A new EM-based training algorithm for RBF networks

https://doi.org/10.1016/S0893-6080(02)00215-0Get rights and content

Abstract

In this paper, we propose a new Expectation–Maximization (EM) algorithm which speeds up the training of feedforward networks with local activation functions such as the Radial Basis Function (RBF) network. In previously proposed approaches, at each E-step the residual is decomposed equally among the units or proportionally to the weights of the output layer. However, these approaches tend to slow down the training of networks with local activation units. To overcome this drawback in this paper we use a new E-step which applies a soft decomposition of the residual among the units.

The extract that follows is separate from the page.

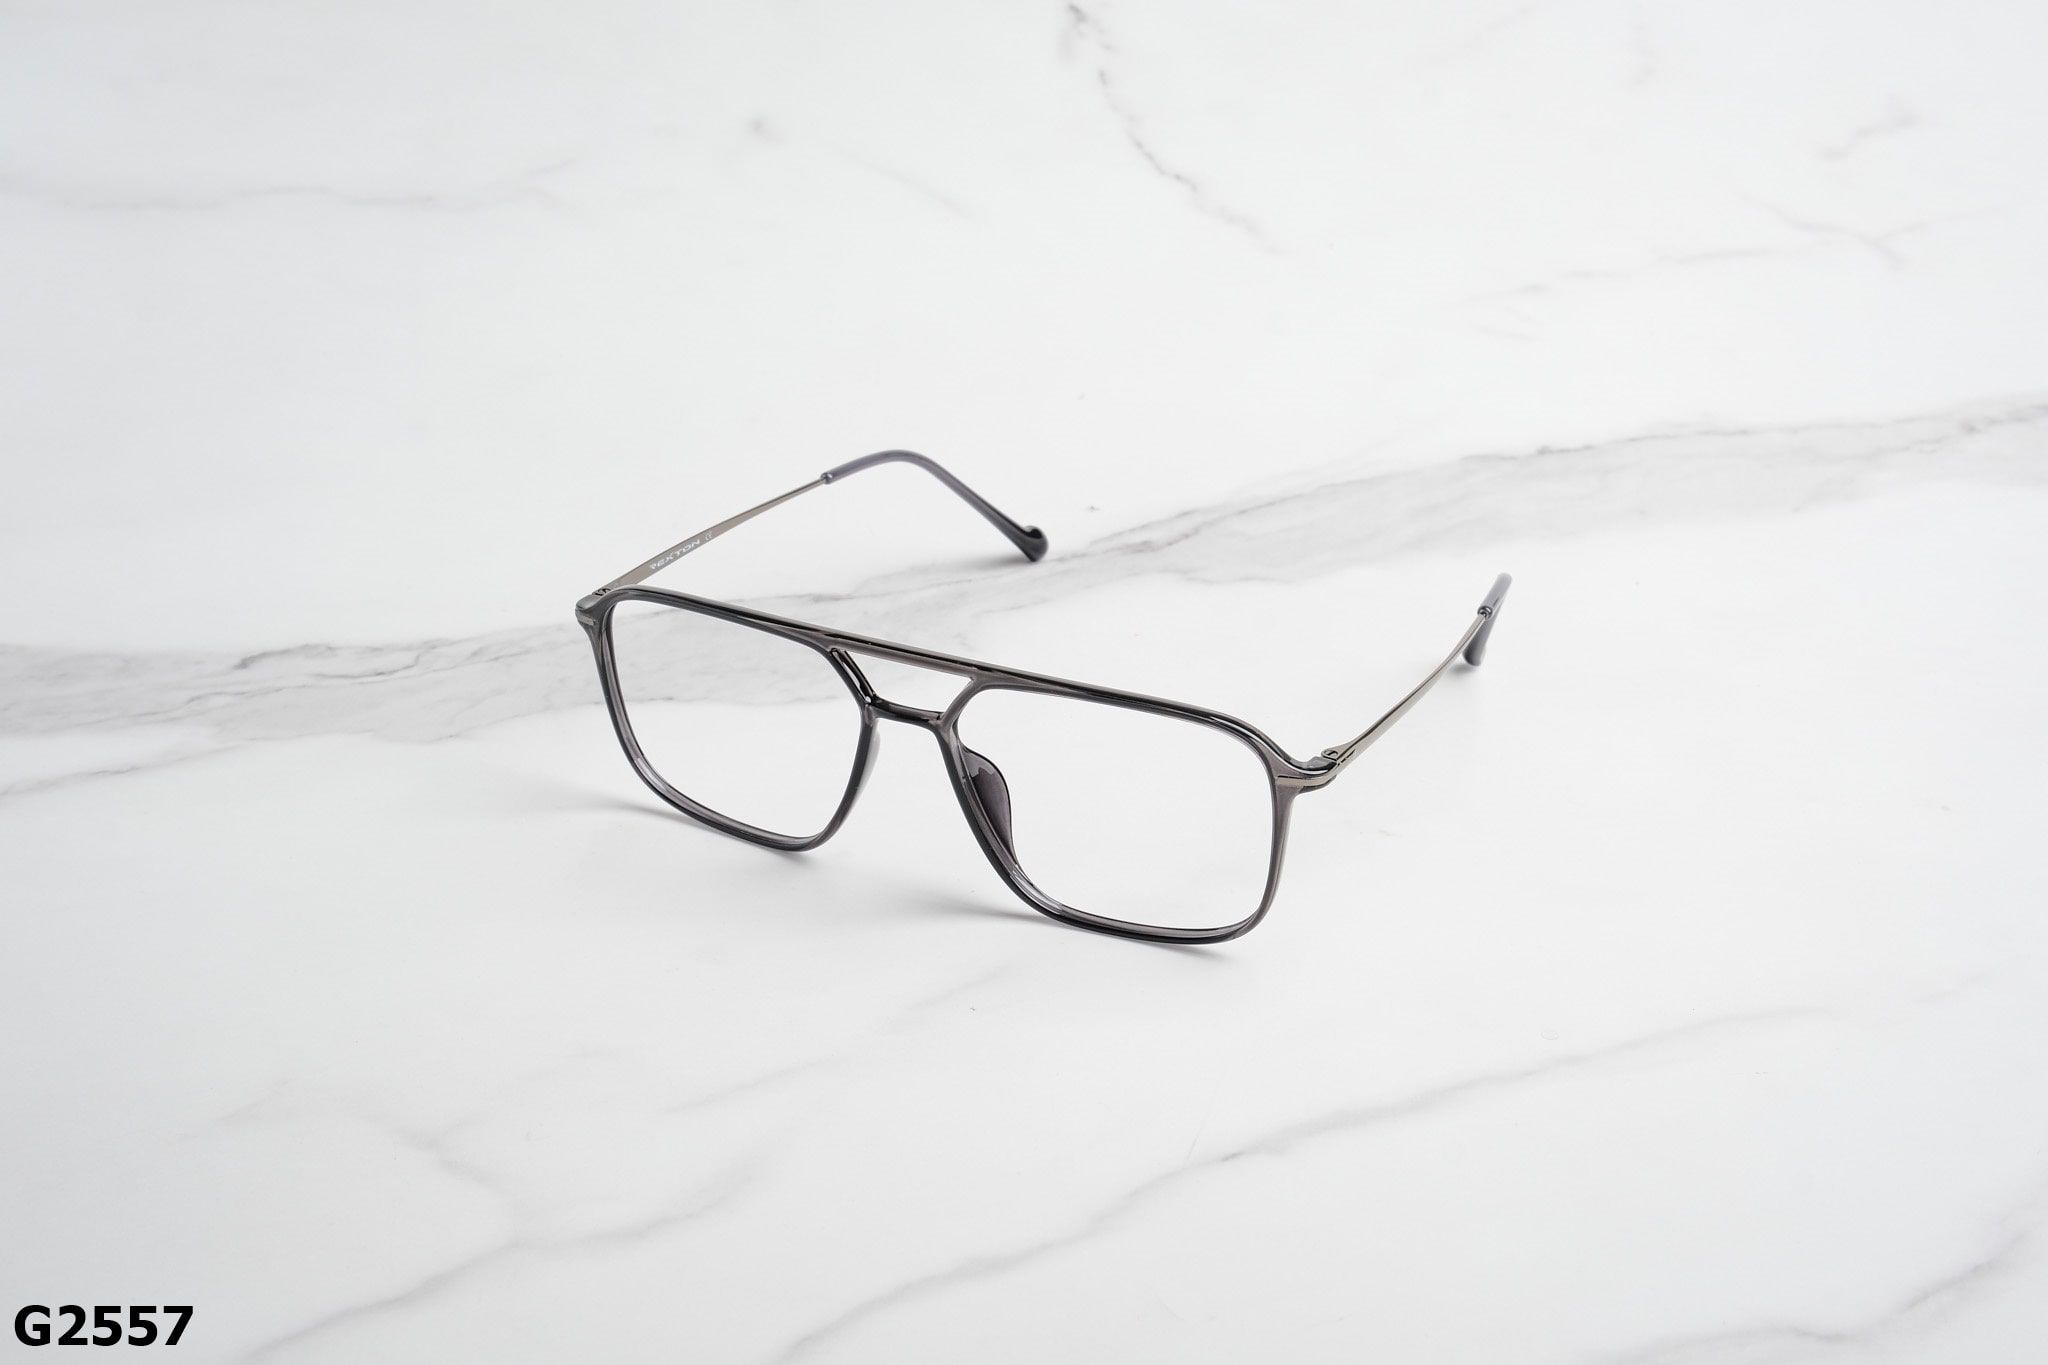  Rex-ton Eyewear - Glasses - G2557 
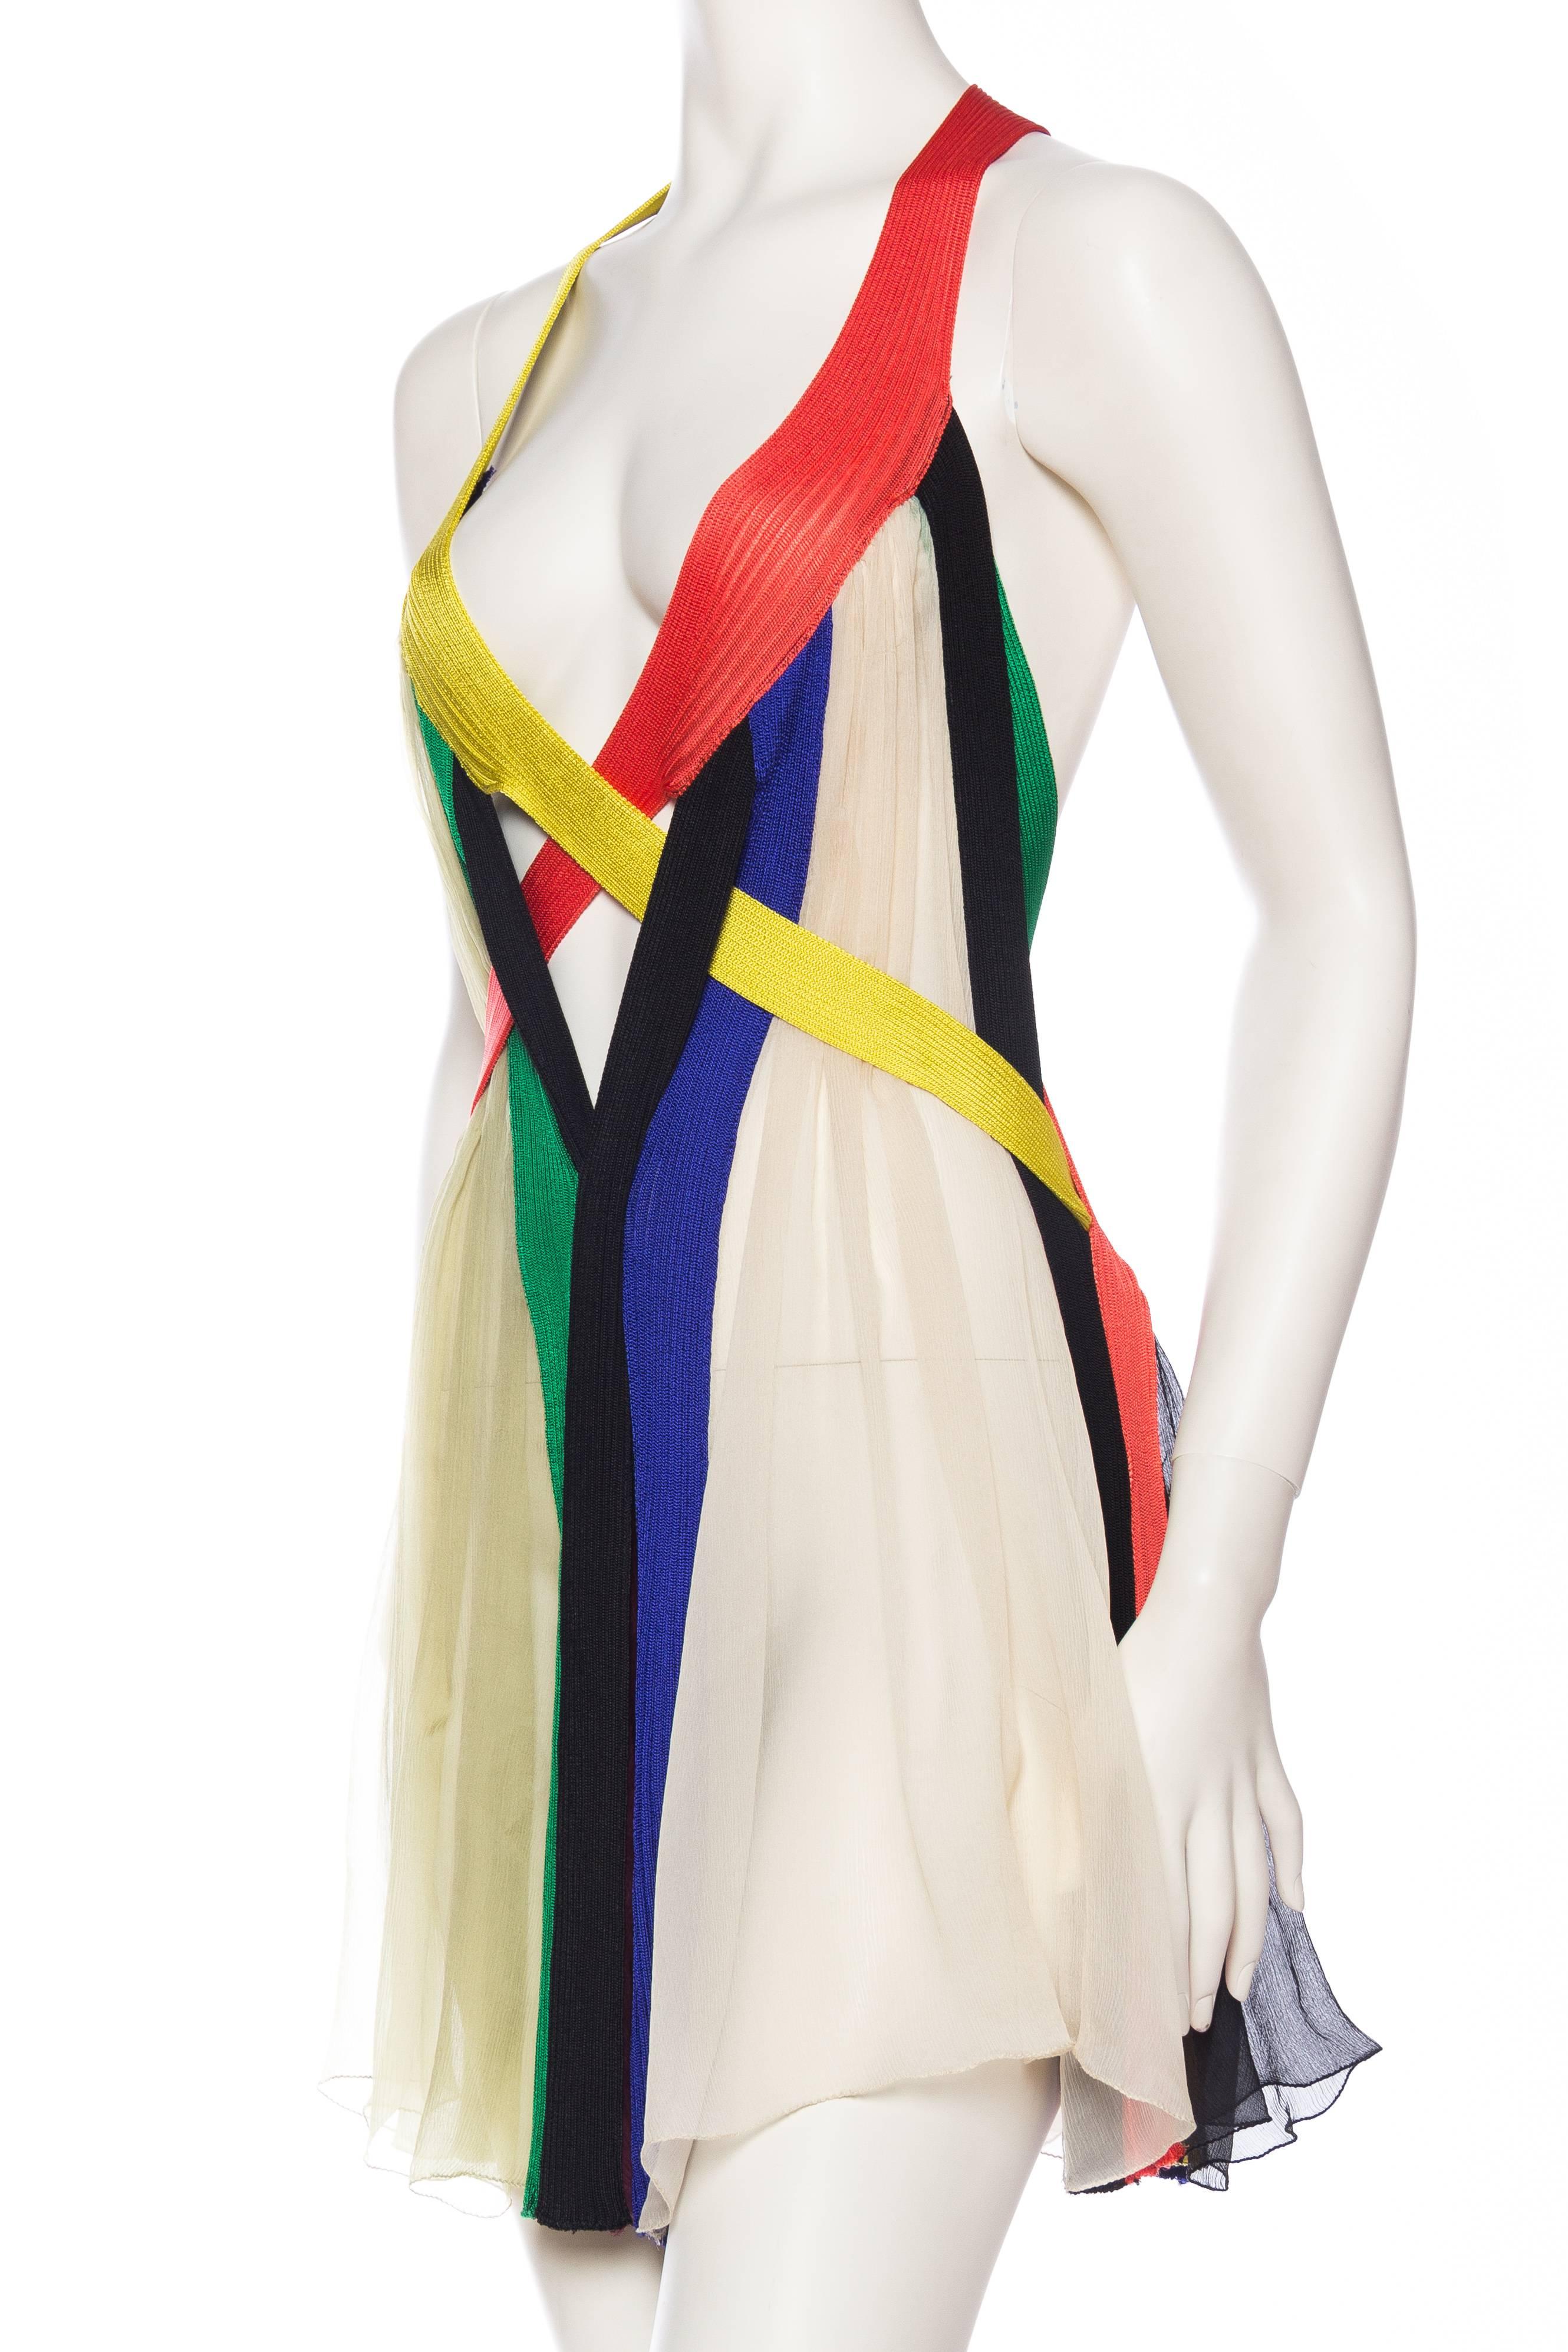 Jean Paul Gaultier Sheer Rainbow Strap Dress 1

In particular, the decoupling variables are estimated as the posterior probability of a component given an input–output pattern. This adaptive decomposition takes into account the local nature of the activation function and, by allowing the RBF units to focus on different subregions of the input space, the convergence is improved. The proposed EM training algorithm has been applied to the nonlinear modeling of a MESFET transistor.

Introduction

Radial Basis Function (RBF) networks have become one of the most popular feedforward neural networks with applications in regression, classification and function approximation problems (Bishop, 1997, Haykin, 1994). The RBF network approximates nonlinear mappings by weighted sums of Gaussian kernels. Therefore, an RBF learning algorithm must estimate the centers of the units, their variances and the weights of the output layer. Typically, the learning process is separated into two steps: first, a nonlinear optimization procedure to select the centers and the variances and, second, a linear optimization step to fix the output weights. To simplify the nonlinear optimization step, the variances are usually fixed in advance and the centers are selected at random (Broomhead & Lowe, 1988) or applying a clustering algorithm (Moody & Darken, 1989).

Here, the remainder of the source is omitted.